In the process of composting living organisms, which make up about 5% to 10% of the organic material, releases the energy and nutrients stored in the tissues of the plant and animal residues in the starting compost material. There are several different kinds of organisms, and each has a specific substrate on which it works. An entire food chain develops during the compost process:

·         Microorganisms such as bacteria, antinomycetes  ( slime molds ), fungi, and algae break down the bulk of organic material. Their population, commonly referred to as the “microbial biomass,” is most crucial to the process.

·         Protozoa, nematodes, and some other small organisms such as mold mites (Acari ) and springtails ( Collembola ) feed on the microorganisms.

·         Beetles and other insects feed on the mold mites, springtails, and other small organisms.
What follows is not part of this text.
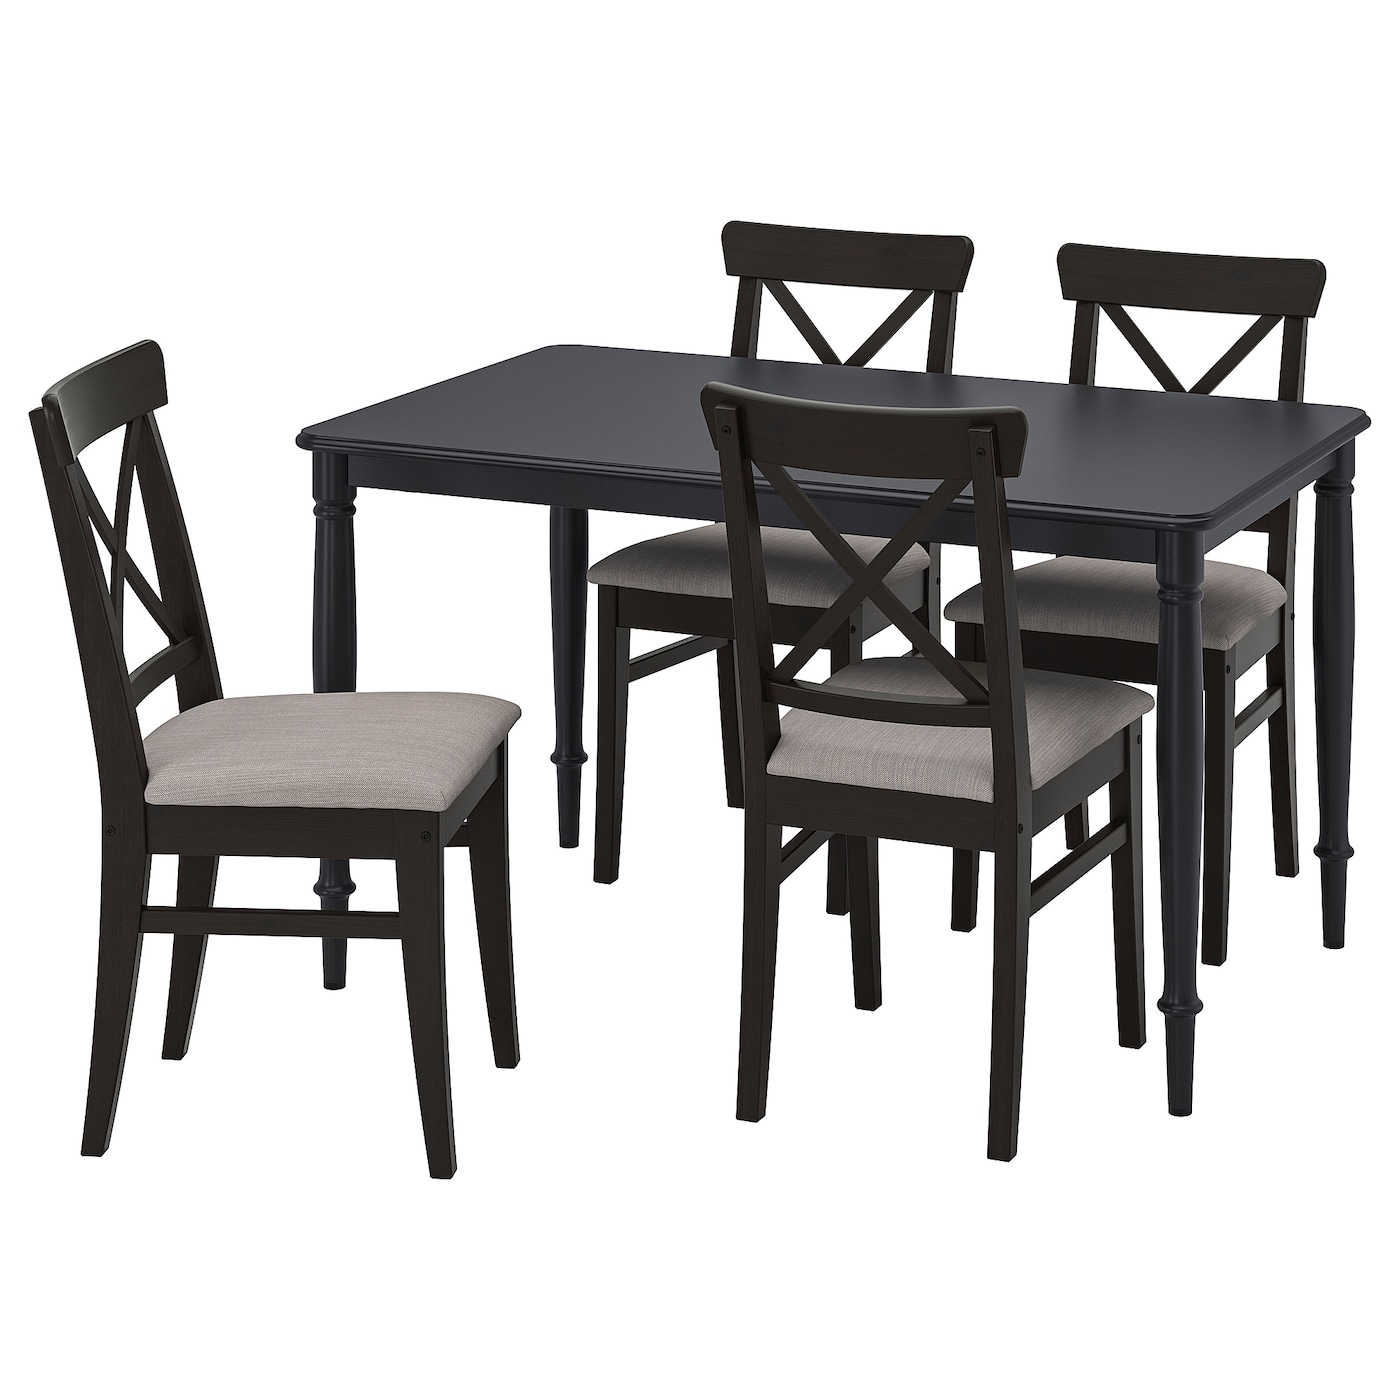 Стол и 4 стула - DANDERYD / INGOLF IKEA/ ДАНДЕРИД/ИНГОЛЬФ ИКЕА, 130х80х75 см, черный/коричневый

·         Larger organisms such as earthworms, flatworms, centipedes, millipedes, snails, slugs, and sowbugs feed on the decaying plant materials. They speed up the compost process by mixing the materials and reducing the size of particles.

    The carbon/ nitrogen (C/ N) ratio is the most important measure of nutrient balance in the compost. Microorganisms use carbon as a source of energy, and both carbon and nitrogen are used for building cell structures. The C/N ratio declines as the composting process proceeds. More carbon is required than nitrogen; a typical final C/N value is approximately 22:1 (MOE, 1991 ).

    The C/N value determines how the finished compost affects the soils to which it is applied. If C/N is greater than 25:1, the microorganisms in the compost will complete with the crops for available nitrogen. At compost levels below 20:1, the energy source, carbon, is less than needed for conversion of nitrogen into proteins. In this case, the compost microorganisms remove excess nitrogen as ammonia, denying it to plants and thus inhibiting plant growth. The C/N ratio in compost can be controlled by adding either highly nitrogenous materials like grass clippings and green vegetation, or highly carbonaceous materials like hay and dry leaves.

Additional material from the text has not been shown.